WASHINGTON, D.C. -Lying in his bed in the family farmhouse those first five or six months after he left, a man I'll call Jerry used to think about how he would commit suicide, if it came to that. He would put a shotgun in his mouth and pull the trigger with a string looped to his toe. He laughed then, for he had remembered something: "I was so out of it when I first went there I used to sneak out to the toilets to put on my deodorant. I didn't want anybody to see my underarms." He is an atheist now, he said, and then corrected himself and said he was probably an agnostic: he can't prove God doesn't exist. Now and then, he said, he still gets in his black depressions. On the evening I sat with him, he was finishing law school at an ivy league university. He was editor of the law review and was then being courted by the best firms on Wall Street. "The whole Catholic thing is so far away," he said with a kind of dreaminess when I pressed for something else. After he went to the kitchen I asked his wife if he talked about the seminary much, and she said not much but that when he did he always got animated.

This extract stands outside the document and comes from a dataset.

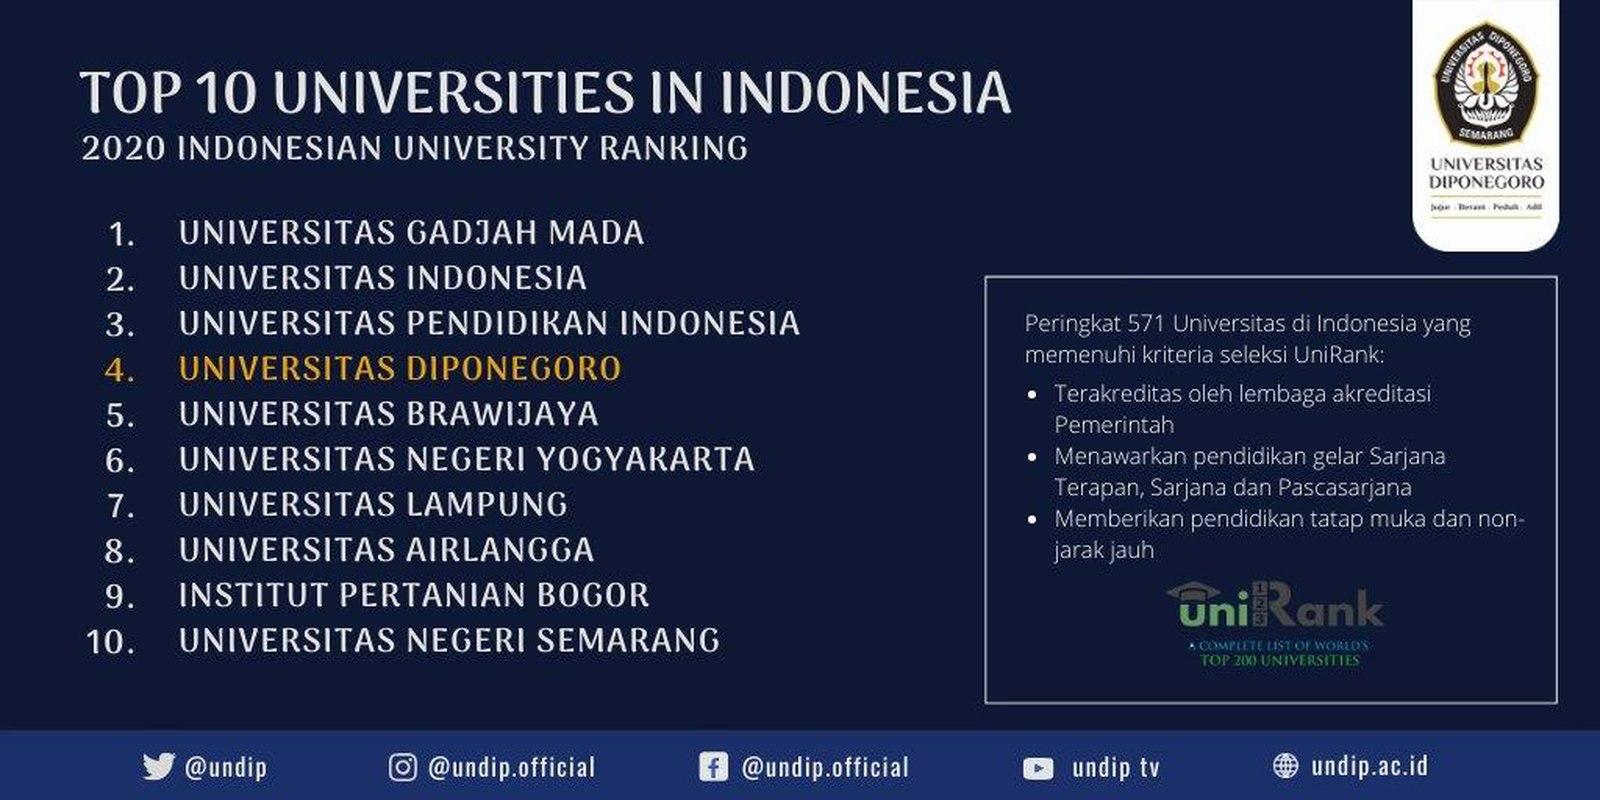 Undip Menempati Urutan Perguruan Tinggi Terbaik ke-4 di Indonesia Versi UniRank (4ICU.org) Tahun 2020

More than a year ago, I began this fellowship with an idea I couldn't prove. The idea was this: out there, in Moline and Fort Worth and Kansas City, were ex-seminarians and former priests and current priests and atheists and agnostics and true believers whom I hadn't seen in years, decades in some cases, but whom I was nonetheless tied to, and they to me, by mysterious fibres, nodes of existence, chains of interlocking grace and paradox and melancholy and reverie that run from a center I was determined to find. Now, these months later, I can say, with some sense of grinning contradiction, that there has been nothing to dissuade me from my idea of an invisible network, a spiritual grid among us, but that I am no closer to finding its center than I was when I started out. I think I knew this is how it was going to be.
The first time I called up Jim Dermody, which was several years ago, before I began this project, but was thinking about it, I recall him saying almost tonelessly and without detectable self-pity, "I have no past." It was as if it was a cold hard fact. Dermody, who was two years behind me in the seminary and has an almost mystic Celtic capacity to enjoy seedy taverns and grey weather (I have been with him in both these last few years), is a high school English composition teacher at Gordon Tech in Chicago. He is in Chicago because Chicago is where he left the order; he could just as well be in Seattle, he said. He left in the late Sixties, when the walls seemed to be caving in, and not from Vietnam or assassinations, though that was some of it, he guesses. "I didn't want to be the last one out," he said. He also said he wonders sometimes if he didn't make a mistake. On noon hours now he'll slip into his school's chapel and just sit there.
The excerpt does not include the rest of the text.